Baker called the conversation "constructive" and said the two plan to meet Monday to discuss criminal justice reform.
Multiple advocacy groups, including the ACLU of Massachusetts, have expressed support for Rollins, after Executive Office of Public Safety and Security Secretary Thomas Turco sent her a letter Thursday, saying she should revise her so-called "decline-to-prosecute" list.
The groups — which also include the Charles Hamilton Houston Institute for Race and Justice, Lawyers for Civil Rights, Massachusetts Organization for Addiction Recovery and NAACP — said Turco mischaracterized Rollins' reform policies.
Turco's office warned that Rollins’ recent policy memo directing assistant district attorneys to refrain from prosecuting 15 low-level crimes could restrict the government's ability to protect victims of serious crimes.
In a letter to the governor, the advocacy organizations said Turco is wrong to suggest the decision not to prosecute low-level crimes will put Suffolk County residents at risk. They also claimed Rollins' predecessor, Dan Conley, dismissed a majority of the cases from the list of less serious offenses that Rollins said her office will no longer prosecute.
“The voters overwhelmingly elected DA Rollins to office because of her promise to revise current ineffective practices that have failed to address public health and public safety concerns," the groups wrote. "The voters clearly demand a new approach to public safety."

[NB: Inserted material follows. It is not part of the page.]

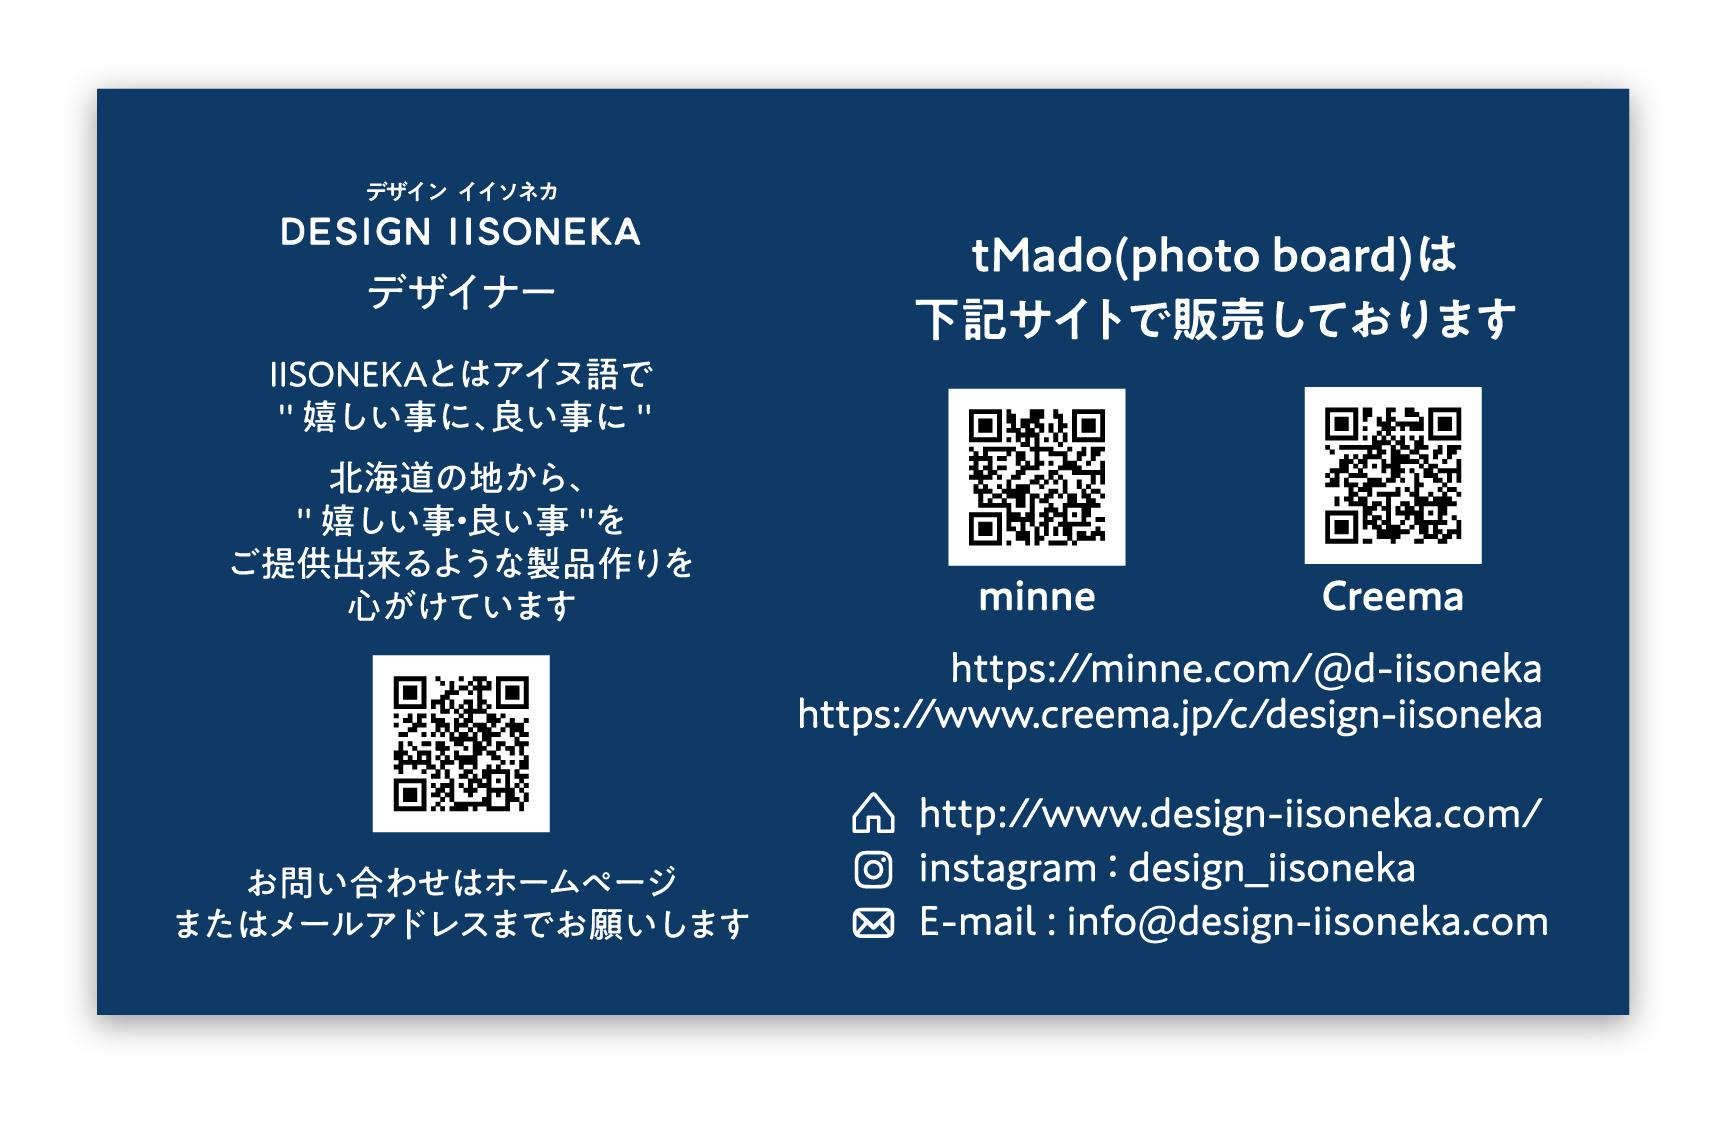 「tMado PHOTO BOARD  ショップカード」(名刺サイズ) イメージ2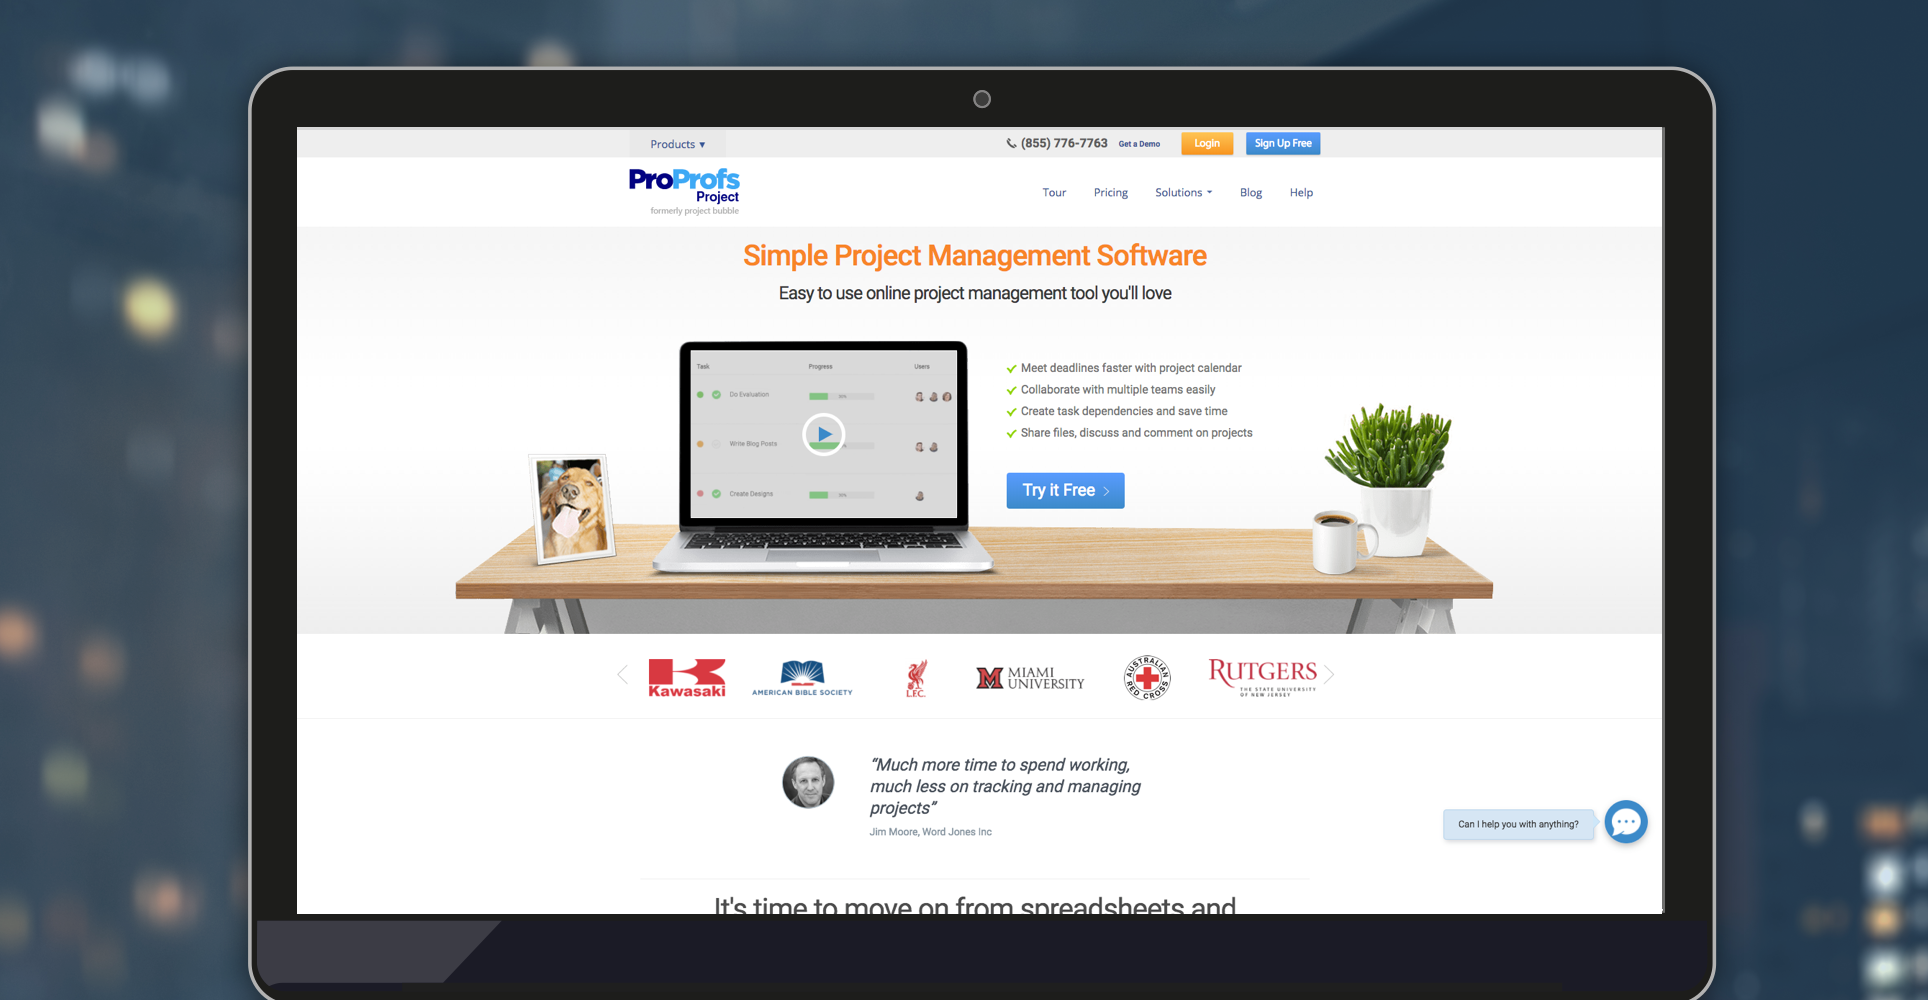 ProProfs Project screenshot

Rollins fired back at the Baker administration during a press conference Friday. The district attorney said Turco's statements were wrong and that charging decisions for low-level crimes disproportionately affect communities of color — not affluent families like Baker's.
"Candidly, not everyone gets the benefit of the Baker family when they have interacted with the criminal justice system," she said.
Rollins was referring to the governor's son, AJ Baker, who was accused of groping a woman on a plane last year. She claims he has benefited from prosecutorial discretion.
The U.S. attorney started investigating the incident, but no charges against AJ Baker have arisen.
Baker's office released a statement Friday night saying the administration doesn't engage in personal attacks and that it has legitimate safety concerns regarding Rollins' proposals.
Baker now says he hopes dialogue between himself and Rollins will continue. He says he agrees that there is inequity in the criminal justice system, but he wants there to be a balance of keeping people safe.